We affirm the Marriage statements as expressed in chapter 25 of the 1689 Baptist Confession of Faith. To these excellent affirmations of marriage as a lifelong covenant, we adopt the following two exceptions drawn from the Westminster Confession of Faith, chapter 24, paragraphs 5 and 6.

  1. In the case of adultery in marriage, it is lawful for the innocent party to seek a divorce and after the divorce to remarry just as if the offending party were dead (Matt 5:31-32; 19:9; Rom 7:2-3).

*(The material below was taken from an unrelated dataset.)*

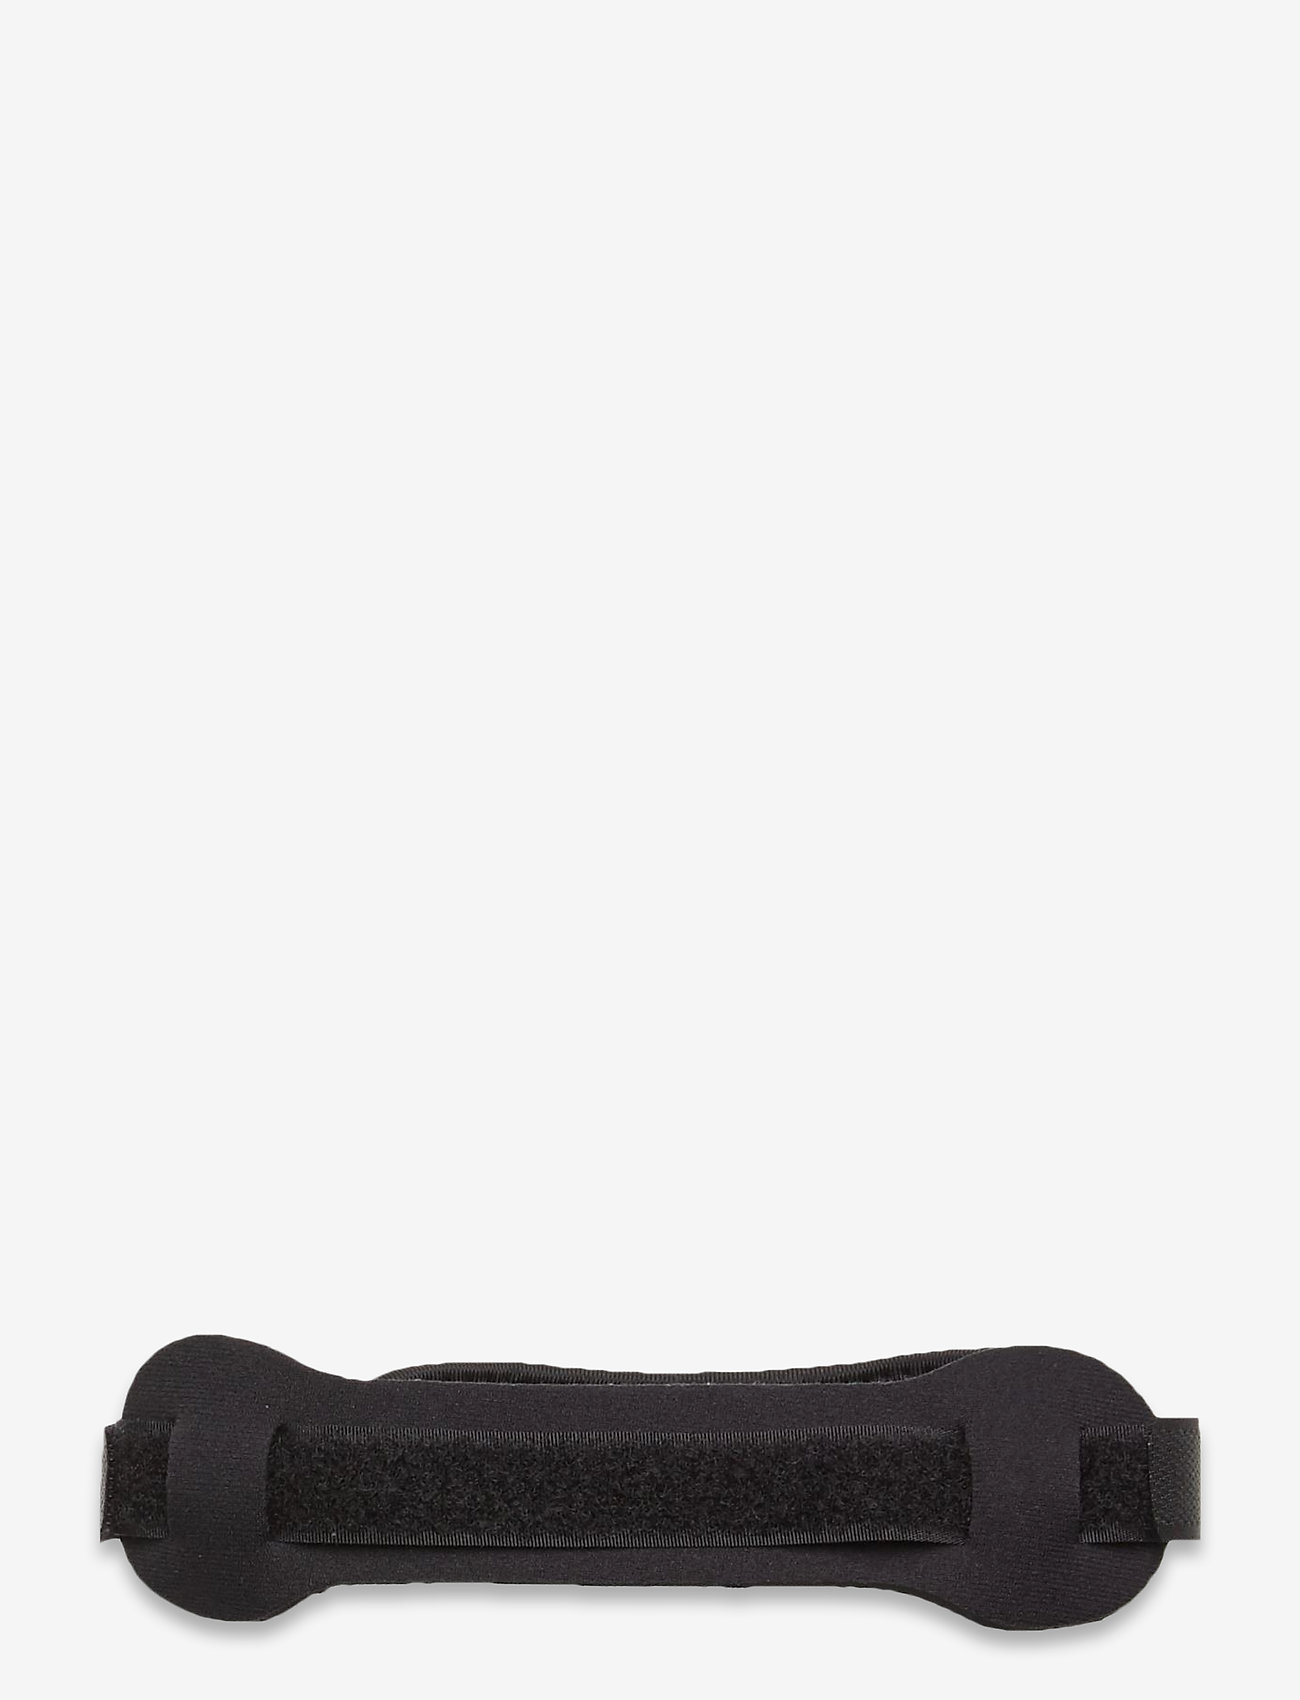 Endurance - PROTECH Knee Strap - knee support - 1001 black - 1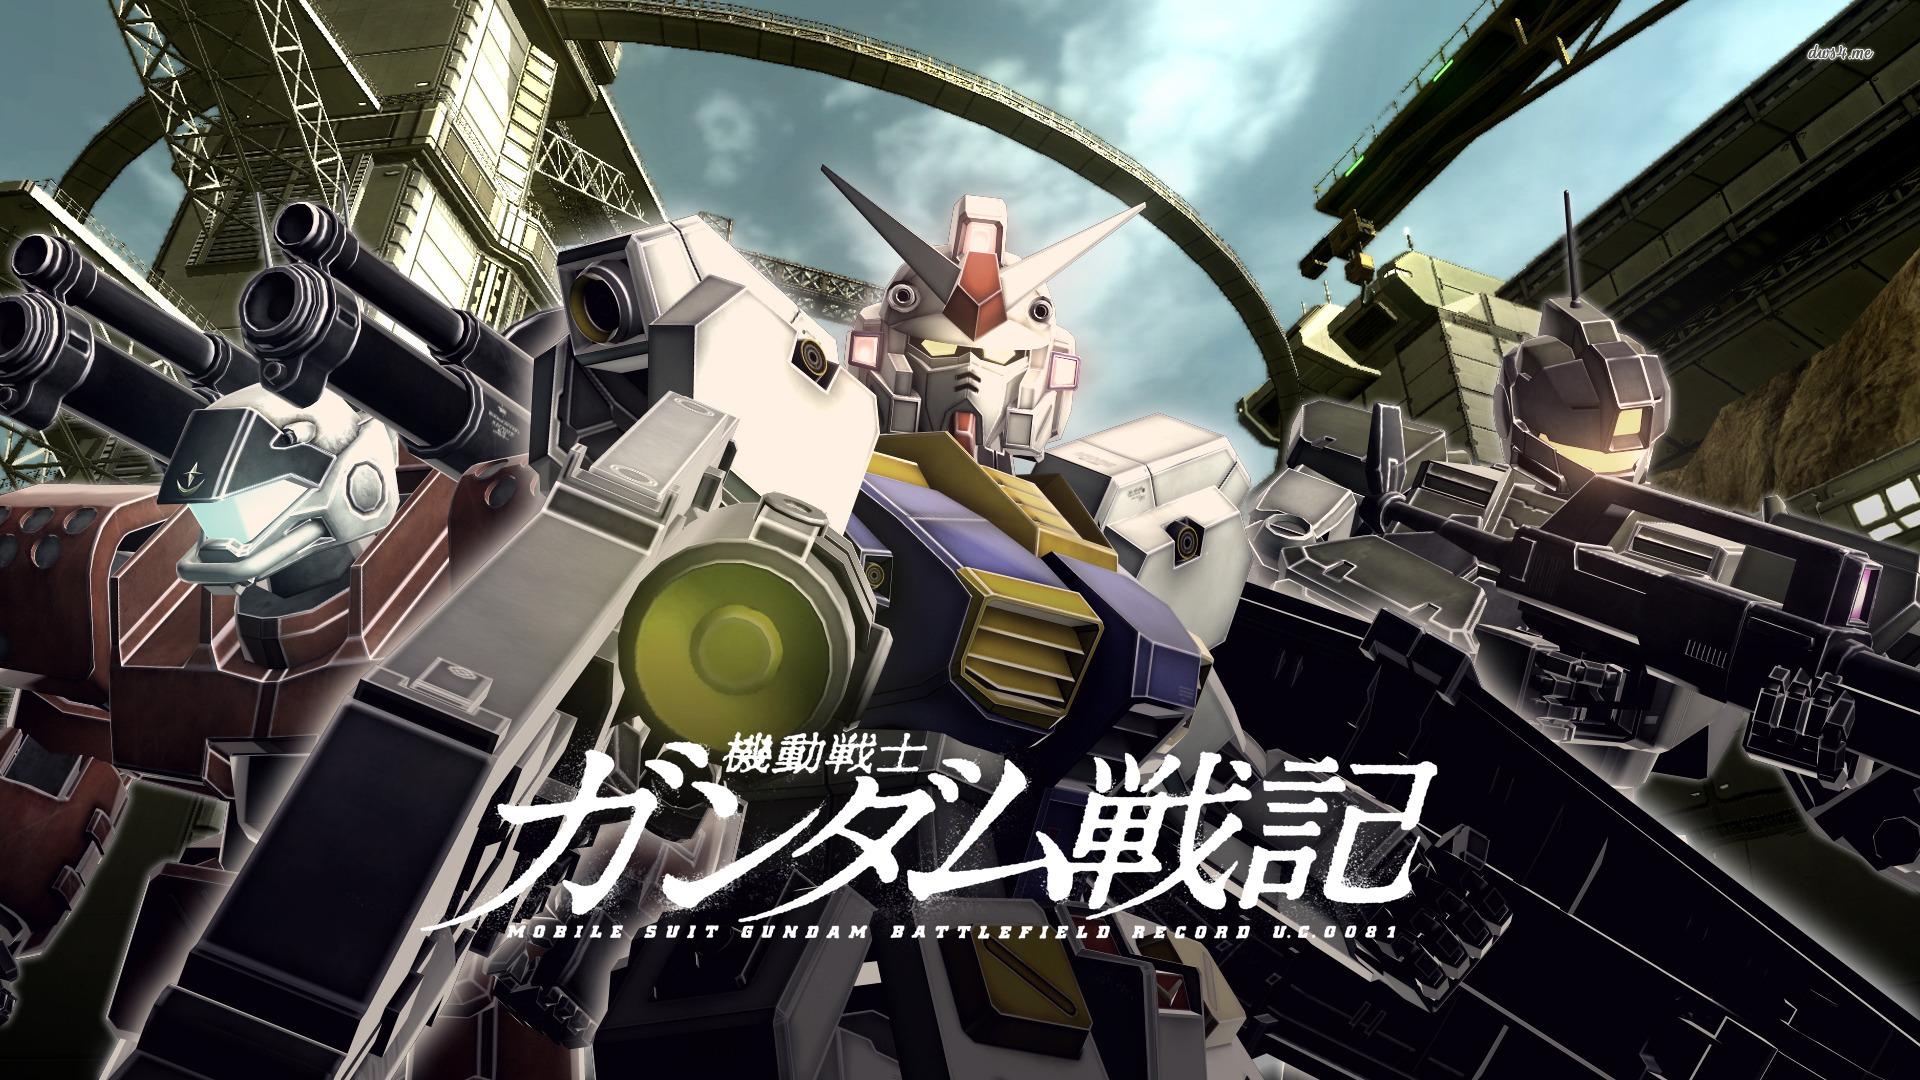 Mobile Suit Gundam wallpaper 1280x800 Mobile Suit Gundam wallpaper 1920x1080

  2. Although the corruption of mankind is such that people are apt to seek arguments to justify unwarranted separation of those whom God has joined together in marriage, nothing but adultery or such willful desertion as cannot be remedied by the church or the civil authorities is sufficient cause to dissolve the bond of marriage (Matt 19:8-9; 1 Cor 7:15; Matt 19:6). In such cases a public and orderly procedure is to be observed, and the persons concerned are not to be left to their own wills and discretion in their own case (Deut 24:1-4).
  3. Complementarian Implications
  4. We affirm that the Scripture reveals a pattern of complementary order between men and women, and that this order is itself a testimony to the Gospel, even as it is the gift of our Creator and Redeemer. We also affirm that all Christians are called to service within the body of Christ, and that God has given to both men and women important and strategic roles within the home, the Church, and the society. We further affirm that the teaching office of the Church is assigned only to those men who are called of God in fulfillment of the biblical teachings and that men are to lead in their homes as husbands and fathers who fear and love God (Gen 1:26-27, 2:18; Eph 5:21-33; 1 Tim 2:11-15; Titus 2:3-5).
  5. We deny that the distinction of roles between men and women revealed in the Bible is evidence of mere cultural conditioning or a manifestation of male oppression or prejudice against women. We also deny that this biblical distinction of roles excludes women from meaningful ministry in Christ’s kingdom. Biblical clarity on these important gender issues is crucial for this church to faithfully preserve its witness to the Gospel (Rom 16:1; 1Cor 11:7-9; Gal 3:28; Eph 5:25; Col 3:18-21; 1 Tim 3:1-13; 1 Pet 3:1-7).

*Note concerning grammatical conventions: For readability, in numerous cases, the masculine pronouns he/his are used to refer to individuals in general.